[Data — start]

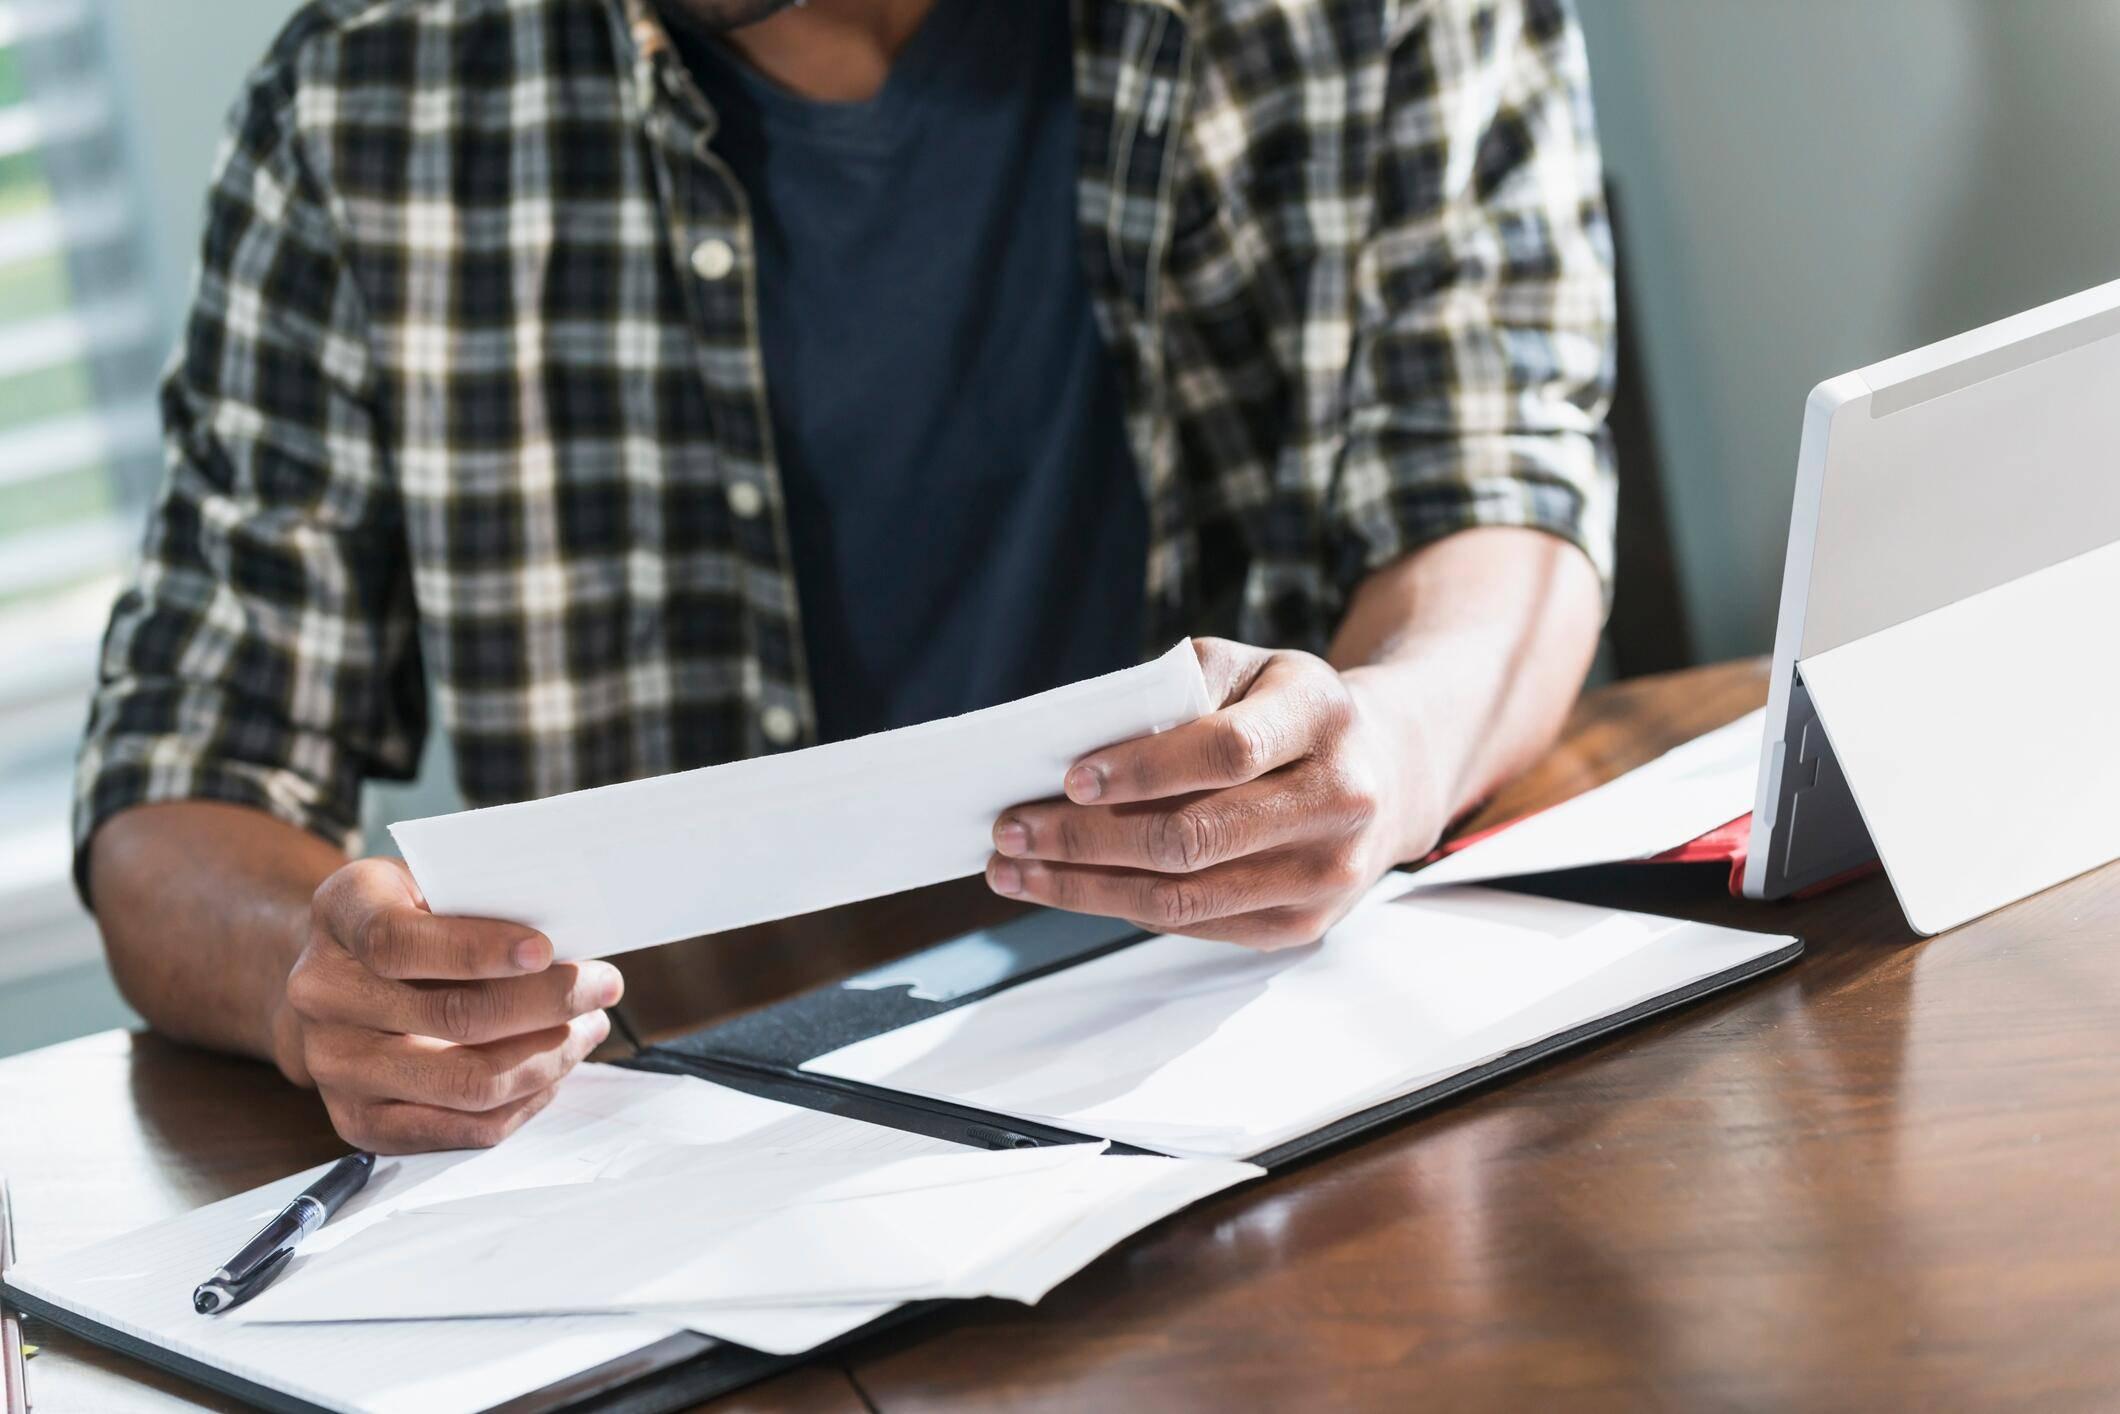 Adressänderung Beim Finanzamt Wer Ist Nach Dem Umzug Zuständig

[Data — finish]
[Data — start]

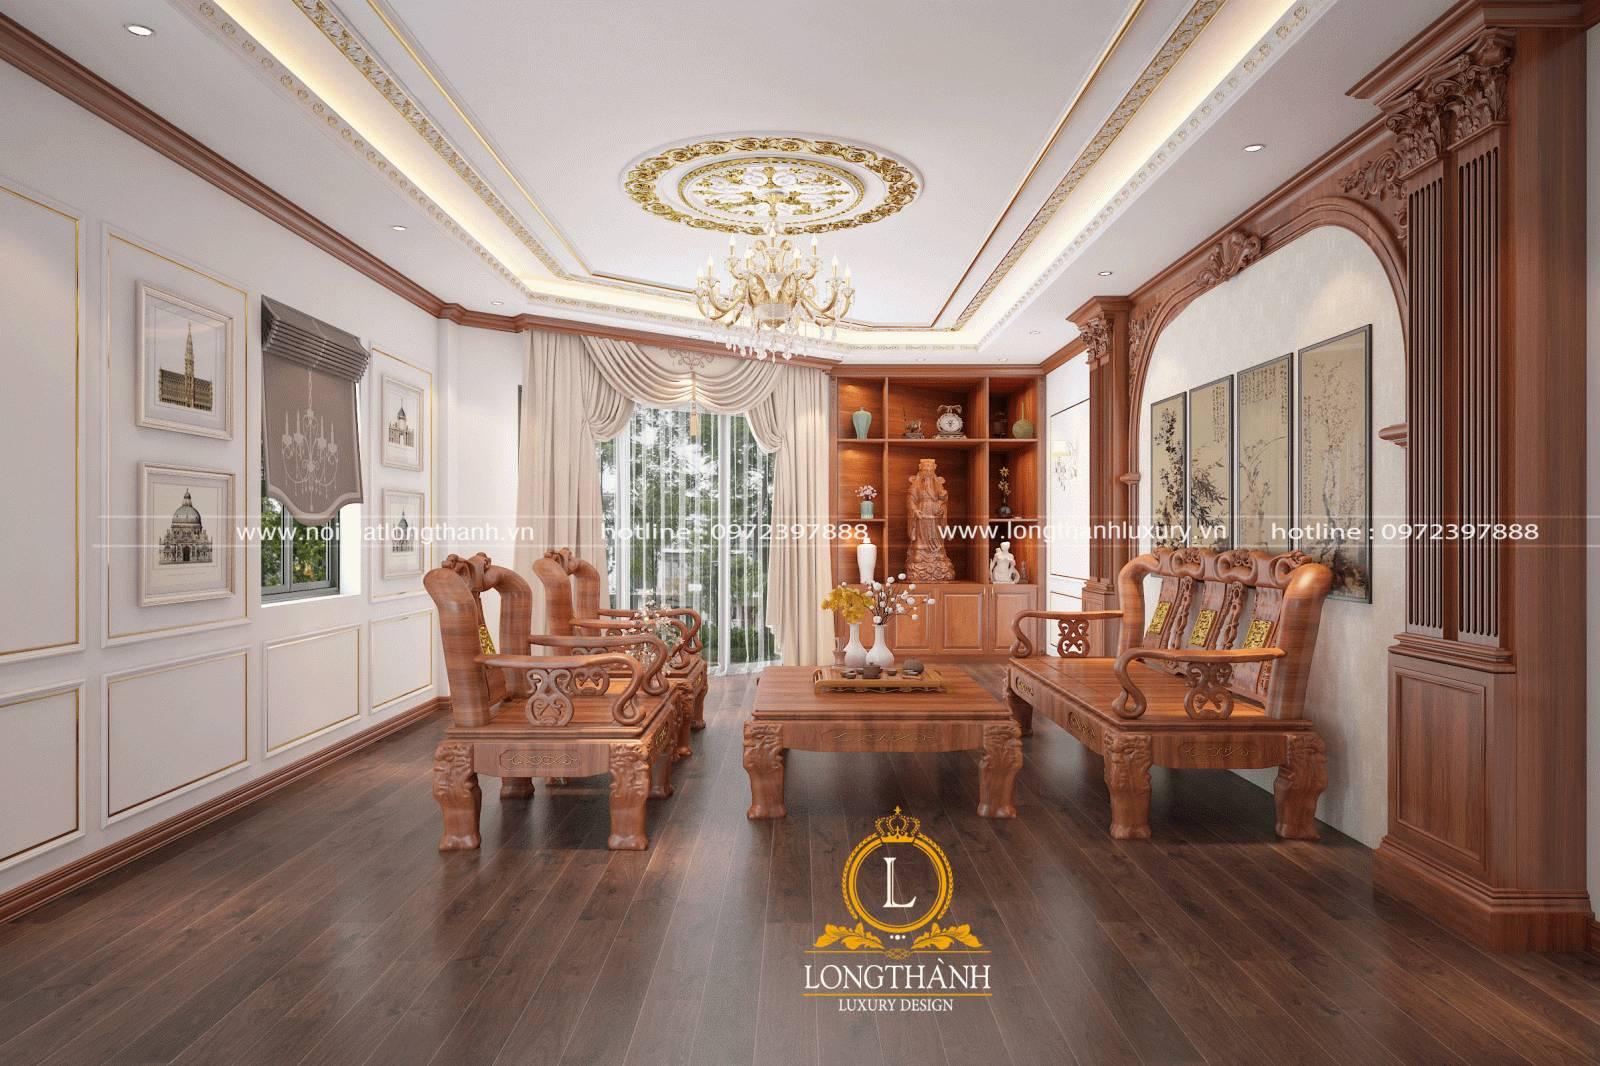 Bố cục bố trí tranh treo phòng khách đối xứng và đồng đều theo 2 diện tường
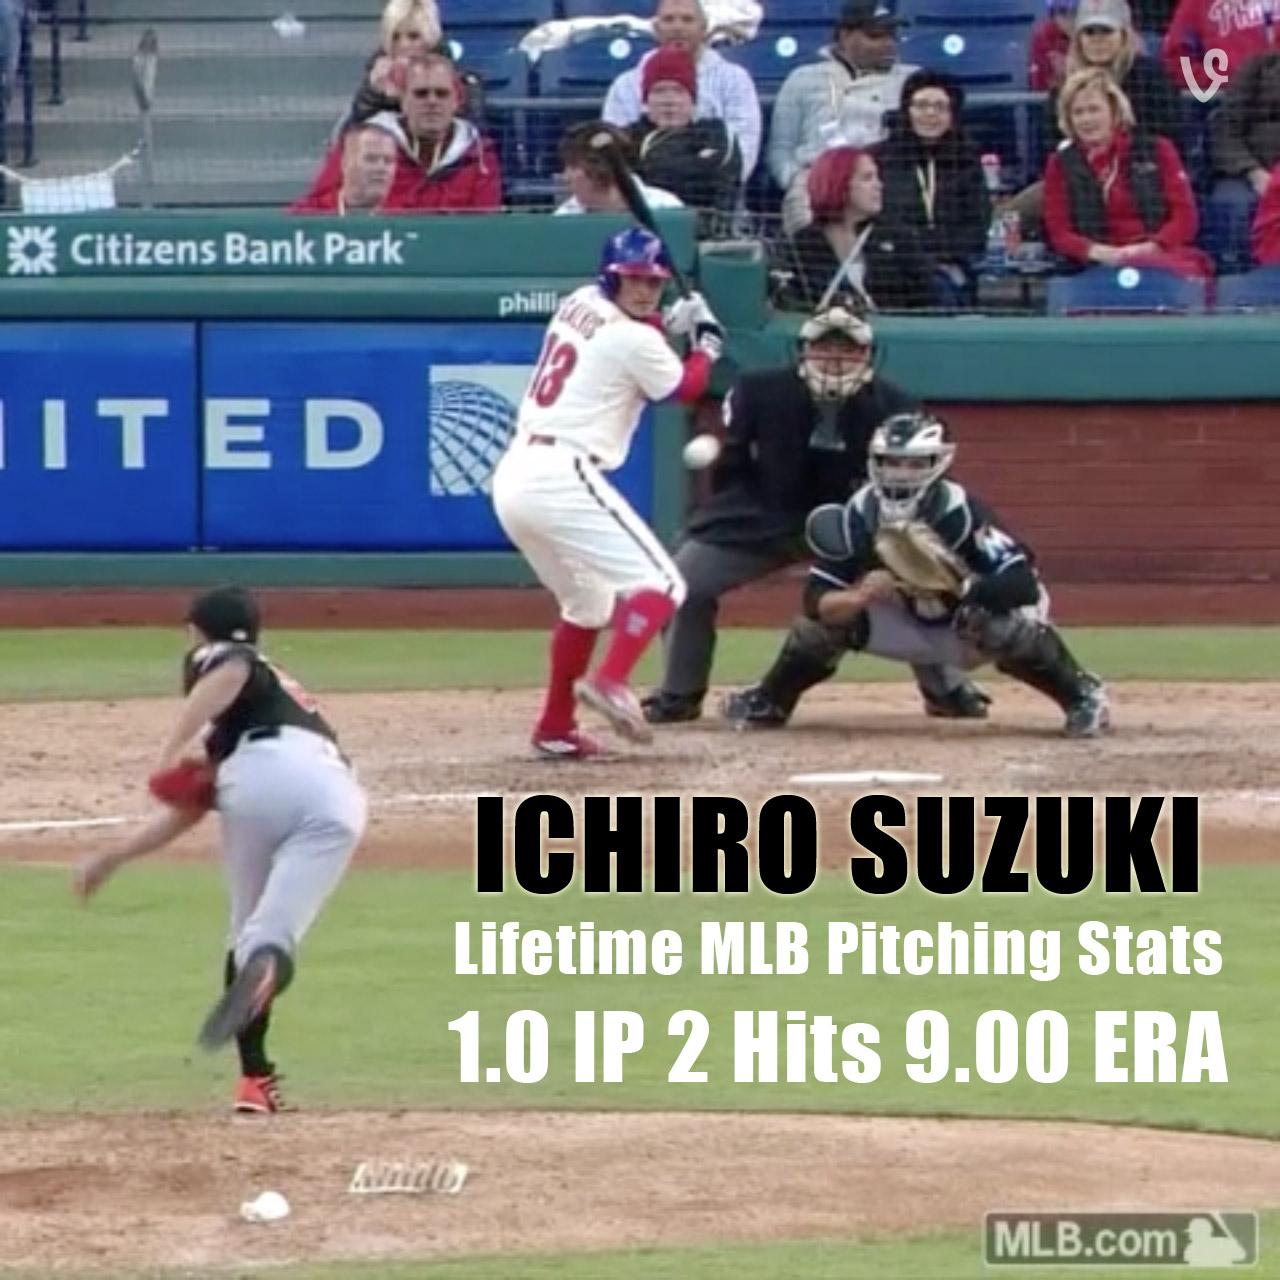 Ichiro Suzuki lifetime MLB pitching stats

[Data — finish]

[About this exercise]: Using the listing above, repeat word for word each line from the one with "Bố cục bố trí" down to the one with "Ichiro Suzuki lifetime MLB pitching stats", both included. Omit all pictures.

[Task output]:
 Bố cục bố trí tranh treo phòng khách đối xứng và đồng đều theo 2 diện tường
 Ichiro Suzuki lifetime MLB pitching stats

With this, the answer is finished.